You can see the saved directory at: “/apps/hive/warehouse/df_employeetable_bucketby”. You can run the below command to see all the parquet files created by bucketBy:

hadoop fs -ls /apps/hive/warehouse/df_employeetable_bucketby

Amit_Kumar_Tyagi · December 19, 2023, 3:28pm

Thanks Shubh !!!

One more doubt.

When I delete ‘df_EmployeeTable_bucketBy’ after running “hadoop fs -rm -R /apps/hive/warehouse/df_employeetable_bucketby” in putty and then again run “df1.write.bucketBy(4,‘state’).saveAsTable(‘df_EmployeeTable_bucketBy’)” in Jupyter I get error ‘df_EmployeeTable_bucketBy’ already exists .

Why is it so when I have already deleted ‘df_EmployeeTable_bucketBy’ ?

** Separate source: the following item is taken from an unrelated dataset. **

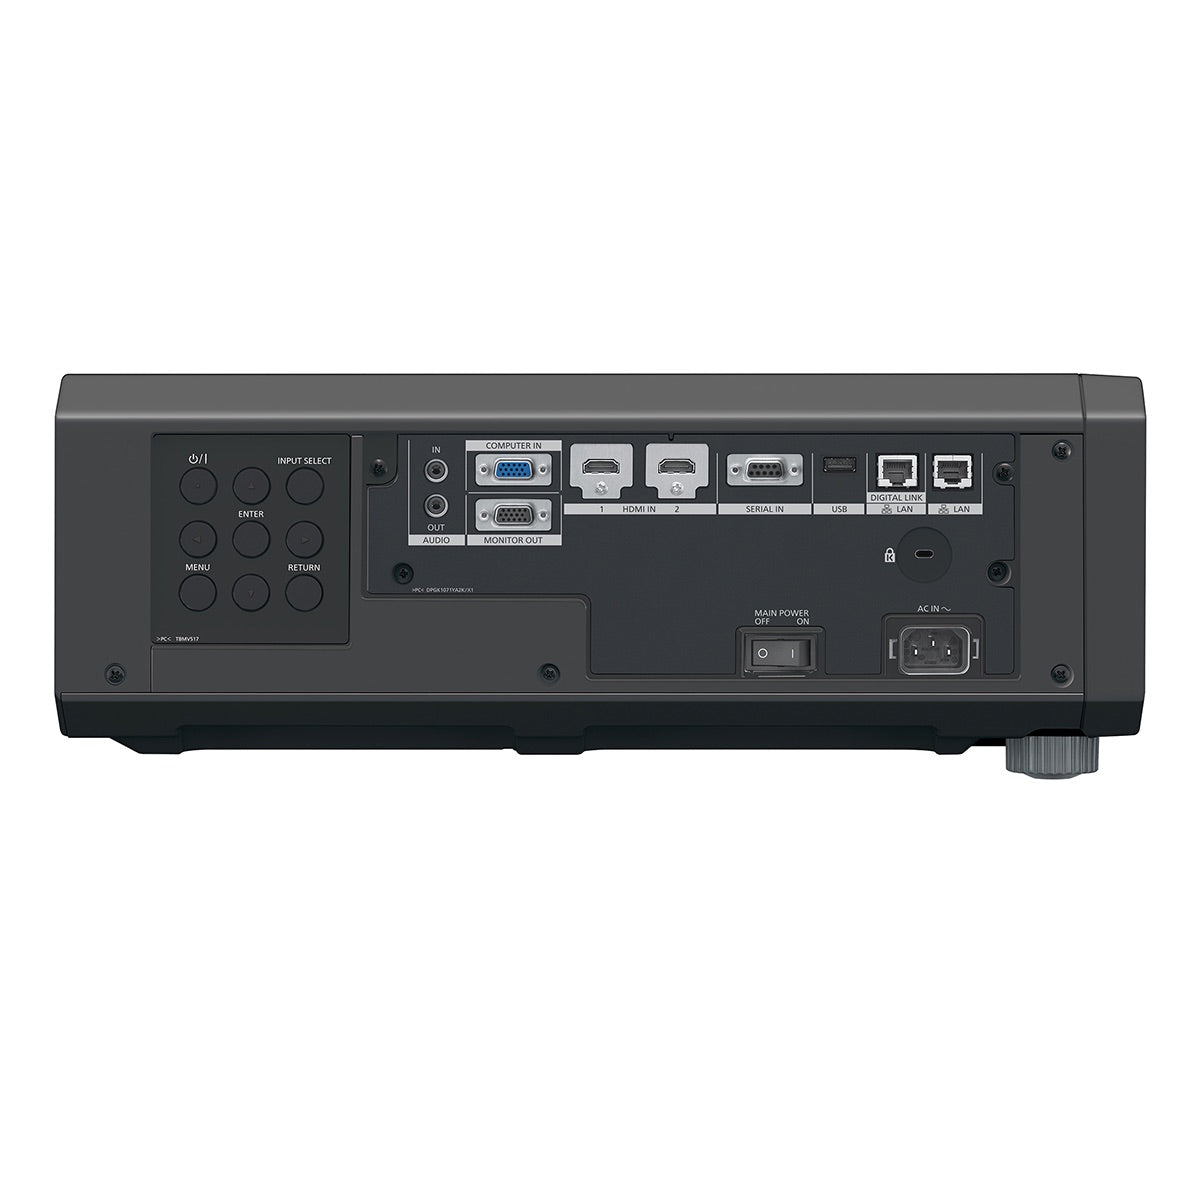 Panasonic PT-FRQ50 - 1-Chip DLP 4K Laser Projector, black, side

Shubh_Tripathi · December 20, 2023, 5:25am

This geenrally does not happens. Make sure, the ‘df_employeetable_bucketby’ was deleted successfully. Also restart the jupyter kernel after deleting the table.

Amit_Kumar_Tyagi · December 25, 2023, 3:56pm

I ran below-

df1.write.bucketBy(3,‘state’,‘age’,‘salary’).sortBy(‘bonus’).mode(“overwrite”).saveAsTable(‘df_EmployeeTable_bucketBy’)

And then to see the data ran below-

ss1.sql(“select * from df_employeetable_bucketby”).collect()

but the output was not in sorted order (on ‘bonus’) . Why is it so?

Shubh_Tripathi · December 26, 2023, 6:48am

Hi Amit,

There are a couple of reasons why this might be happening:

Bucketing and Sorting Columns:
In your write.bucketBy method, you specified ‘state’, ‘age’, and ‘salary’ as the bucketing columns. However, in the sortBy method, you specified ‘bonus’ as the sorting column. It’s important to note that the sorting column in sortBy should be one of the bucketing columns. If you want to sort by ‘bonus’, it should be one of the bucketing columns.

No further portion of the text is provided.